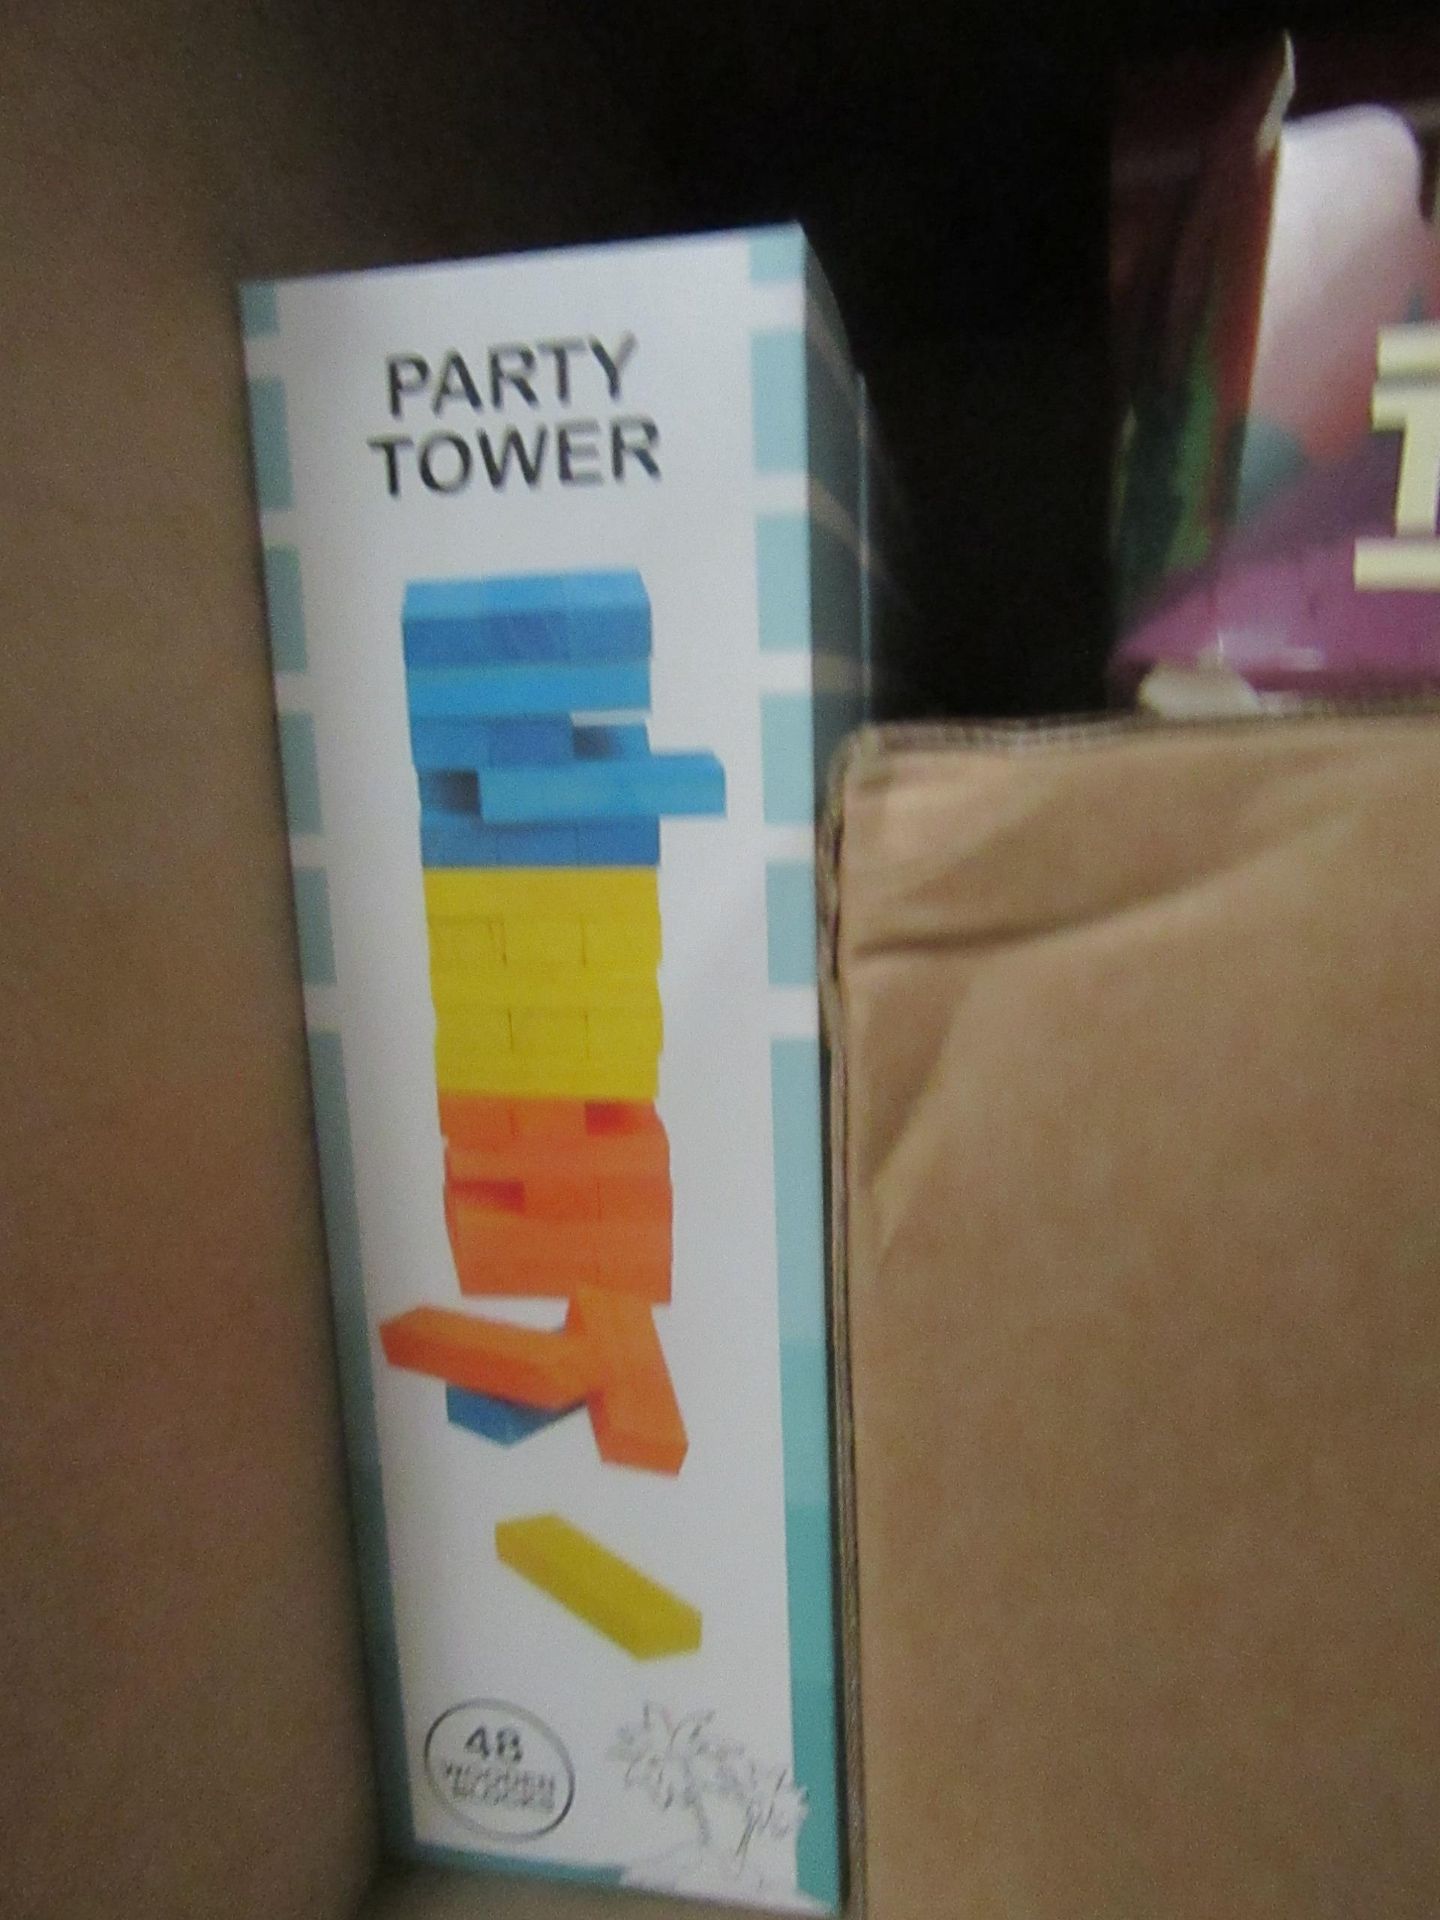 Party tower, 48 wooden blocks, New & Boxed
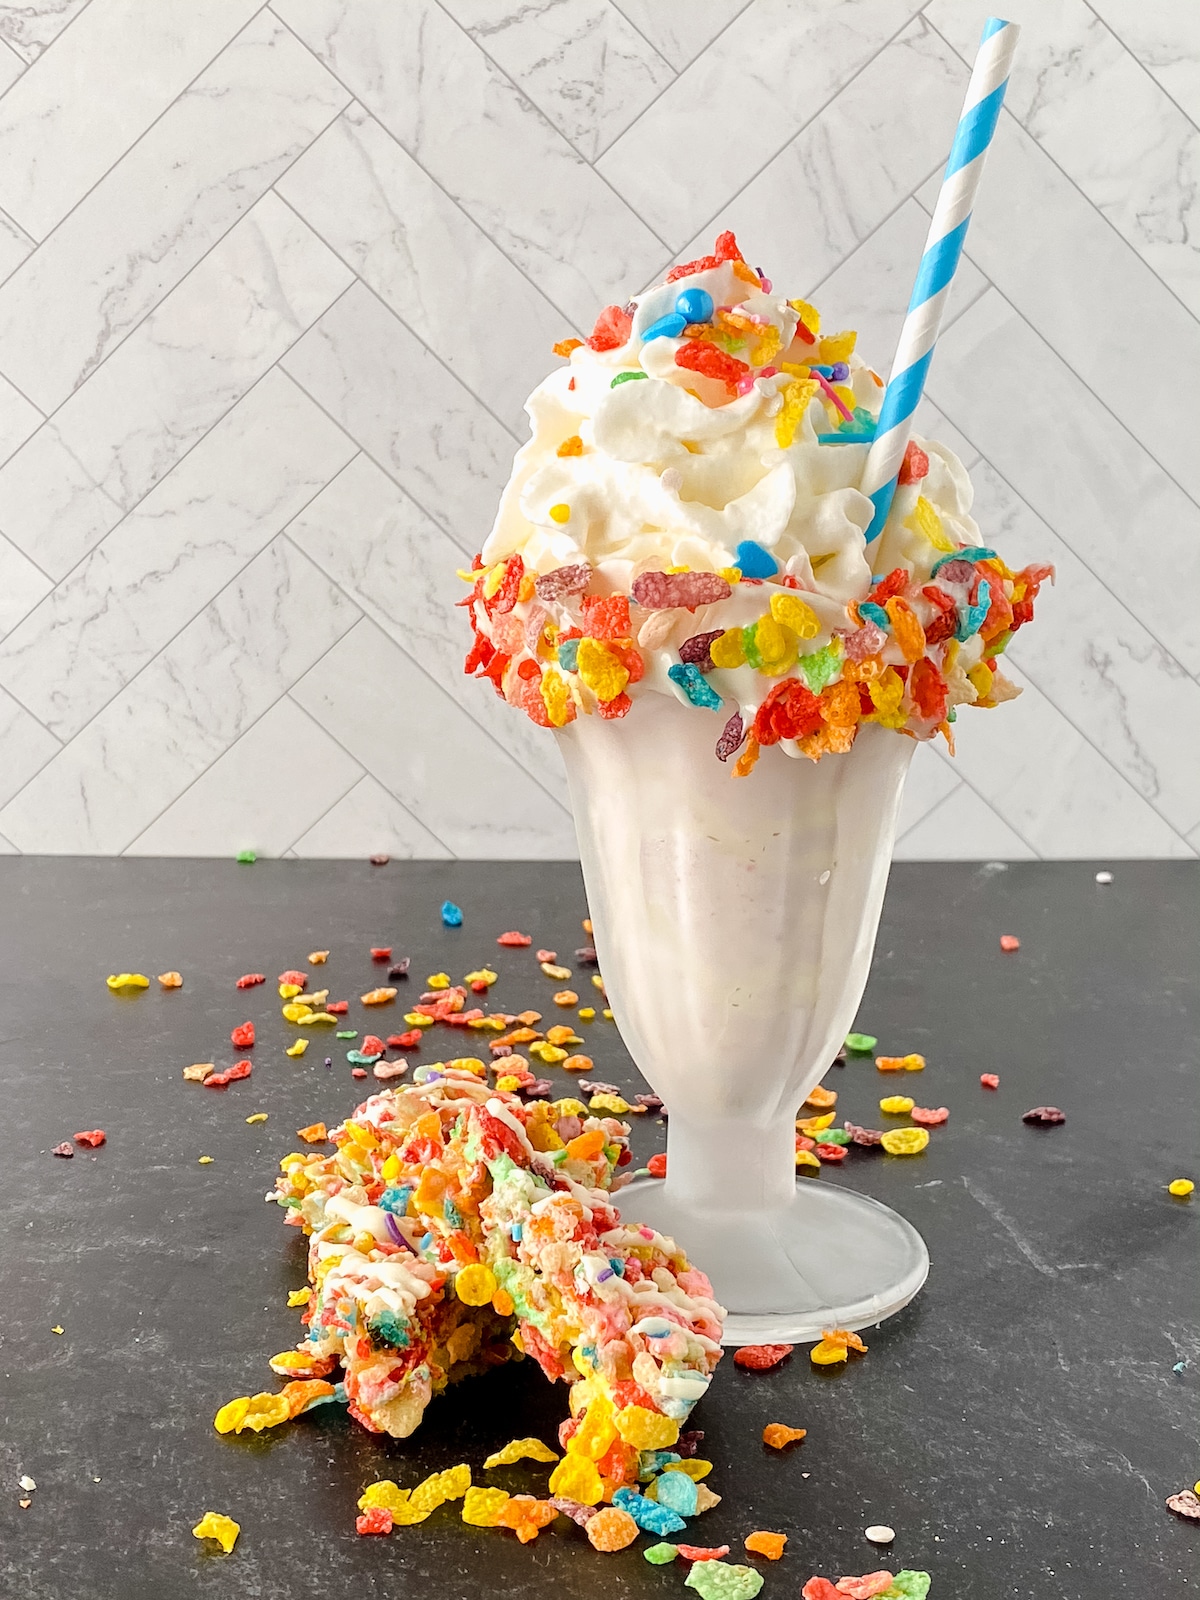 Tall soda glass filled with white milkshake on black table with colorful cereal on top of glass
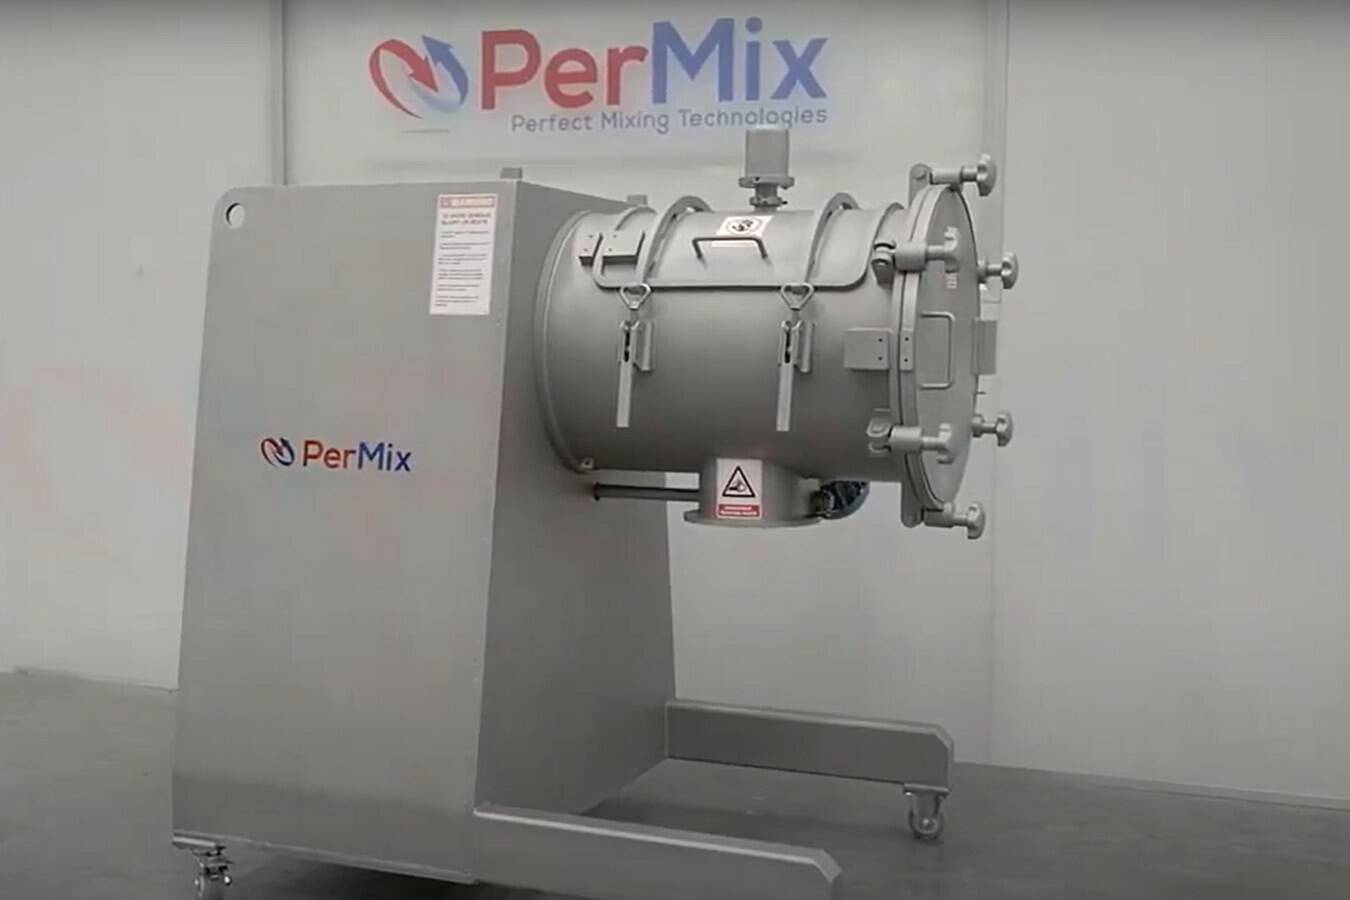 PerMix Hybrid Paddle and Plow Mixer, a 2-in-1 Powerhouse PerMix Hybrid is a Paddle Mixer & Plow Mixer all-in-one powerhouse.  It allows you to switch between a paddle mixer and plow mixer with ease.  This allows for the ultimate in diversity.
....................
- [What you are asked to do] With images omitted, output the data exactly as given.

- [Completed exercise]
 Party tower, 48 wooden blocks, New & Boxed
 Tall soda glass filled with white milkshake on black table with colorful cereal on top of glass
 PerMix Hybrid Paddle and Plow Mixer, a 2-in-1 Powerhouse PerMix Hybrid is a Paddle Mixer & Plow Mixer all-in-one powerhouse.  It allows you to switch between a paddle mixer and plow mixer with ease.  This allows for the ultimate in diversity.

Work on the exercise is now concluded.